Anyway, if the paperwork would have been started when I asked him to, this would be practically done already. Instead, it's just starting, and I'm supposed to pick up the slack.

sarahmay's picture

They always take forever to get on with the Paperwork .... we haven't received child support for years and SHE jsut bought a brand new car..... I can't even afford a service for my car, and I look after her shitty son day in and day out....

My BIG ADVICE TO YOU IS...... Don't do anything that will conveninece her and inconvenience you......

GizmoBarnOwl's picture

Hmm I'd just say, seeing as hes not getting to spend time with his daughter due to work, and she is at your house primarily to spend time with her dad, you cannot have her until it goes through court and is sorted. It is not fair on you to have her all the time, that is not what she is there for. Occationally, yeah, sure if hes going to be late or whatever, thats not a problem, watch the little brat. But most of the time? NOT ON.

Also, if you stop helping, and he doesnt get to see his child, then it might force him to get the papers sorted.

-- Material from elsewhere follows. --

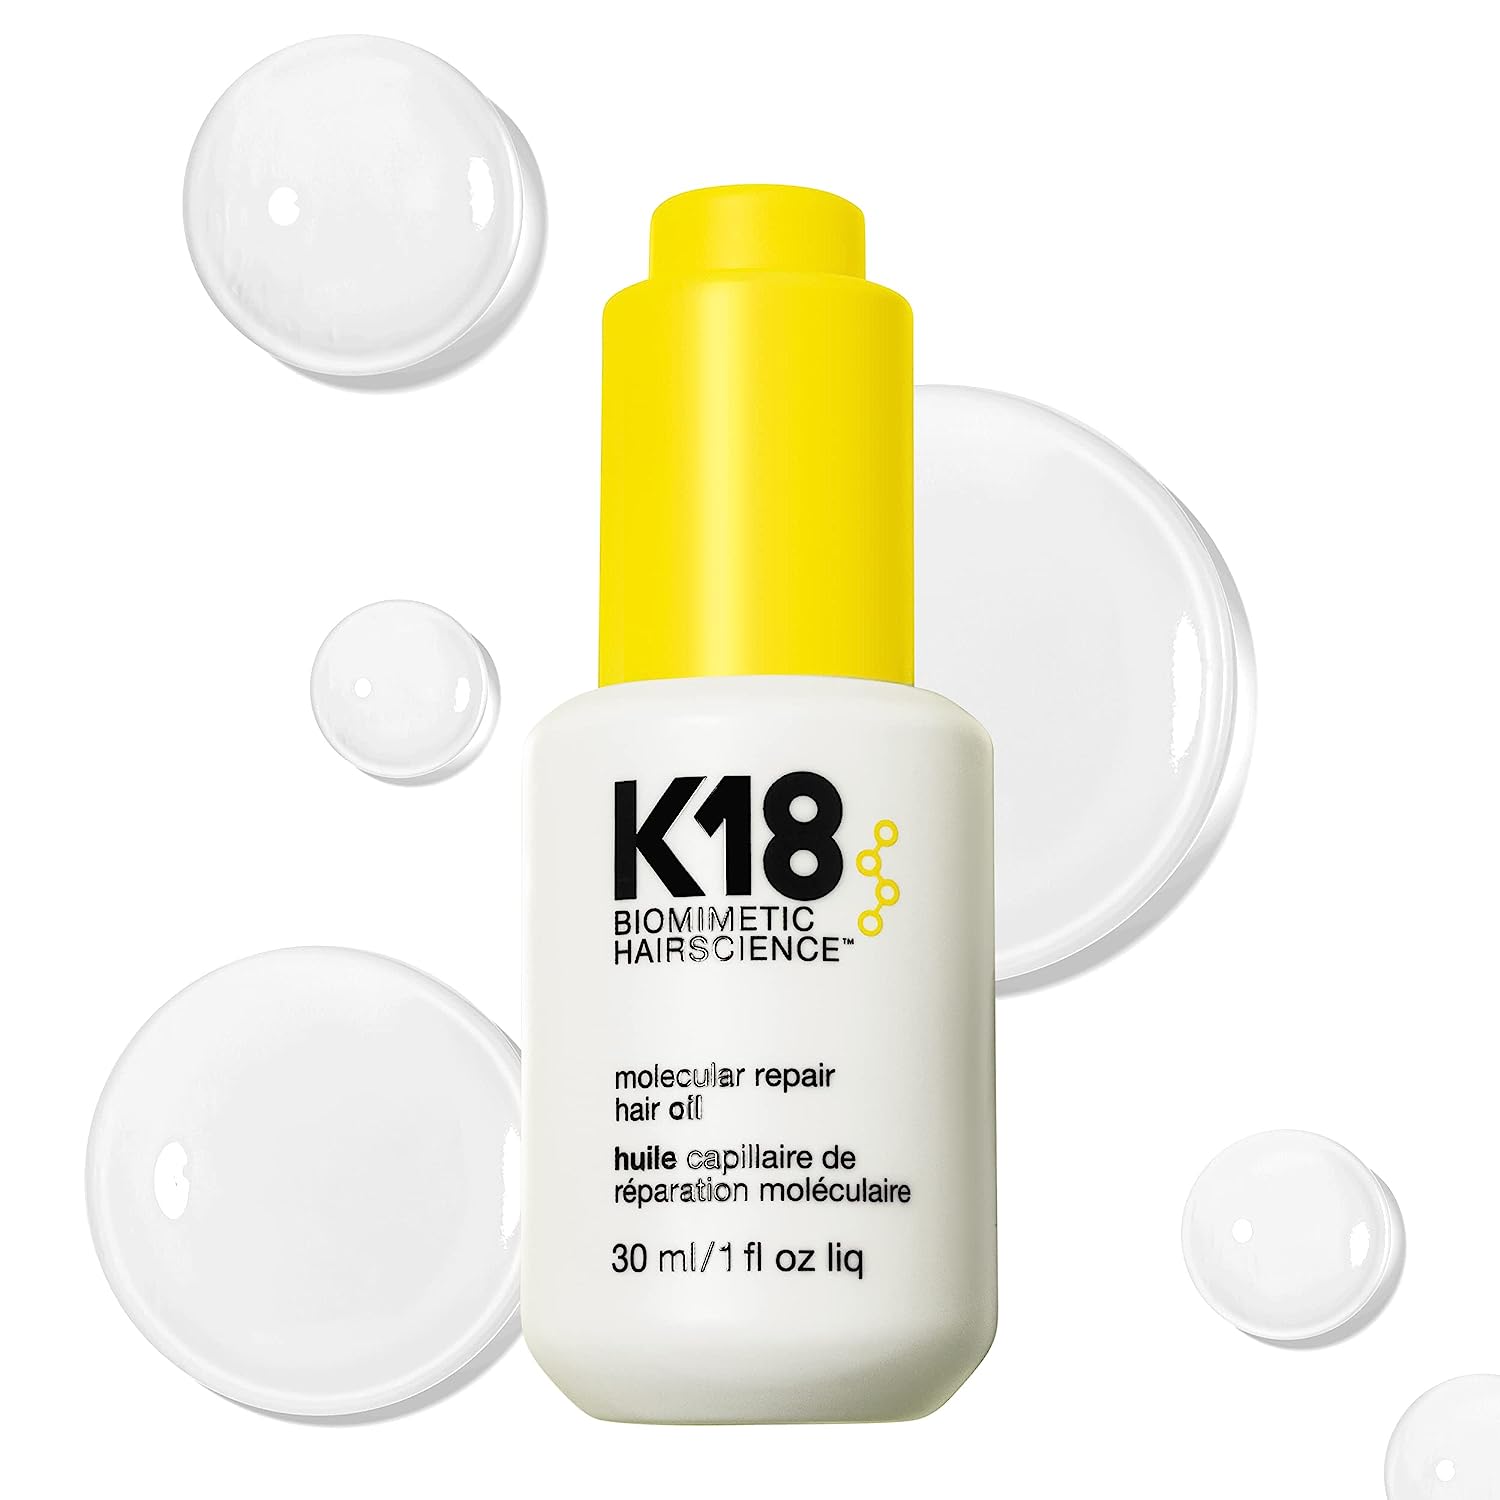 K18 Molecular Repair Hair Oil - Weightless Oil Strengthens, Repairs Damage, Reduces Frizz, Impoves Shine for All Hair Types - 30 ml

If he doesnt make the effort to see her, then its not your problem, it is his choice.

borrowedtime83's picture

I would say no, you are not obligated, as it is not your child.It is unfair that for any minor change you have to go through the court system and wait for a result, but this is how it is handled in this day and age. Is there (dare I say this...) a grandparent or other family member on your husband's side that might want to volunteer to have a "sleepover" with her,since they don't get to see her too often? And he could maybe pick her up from said relative Sat. and have visitation until you can get back in court. I know how you feel, the few times I have grudgingly been talked into having the skid along with my own for even a few hours was so emotionally and physically exhausting. Good luck!

iqrt's picture

UUUUUUUUUUUUUGGGGGGGGGHHHHH.

BM doesn't want to take her kid back.

Seriously, shouldn't the mother of this child jump at the chance to spend more time with her?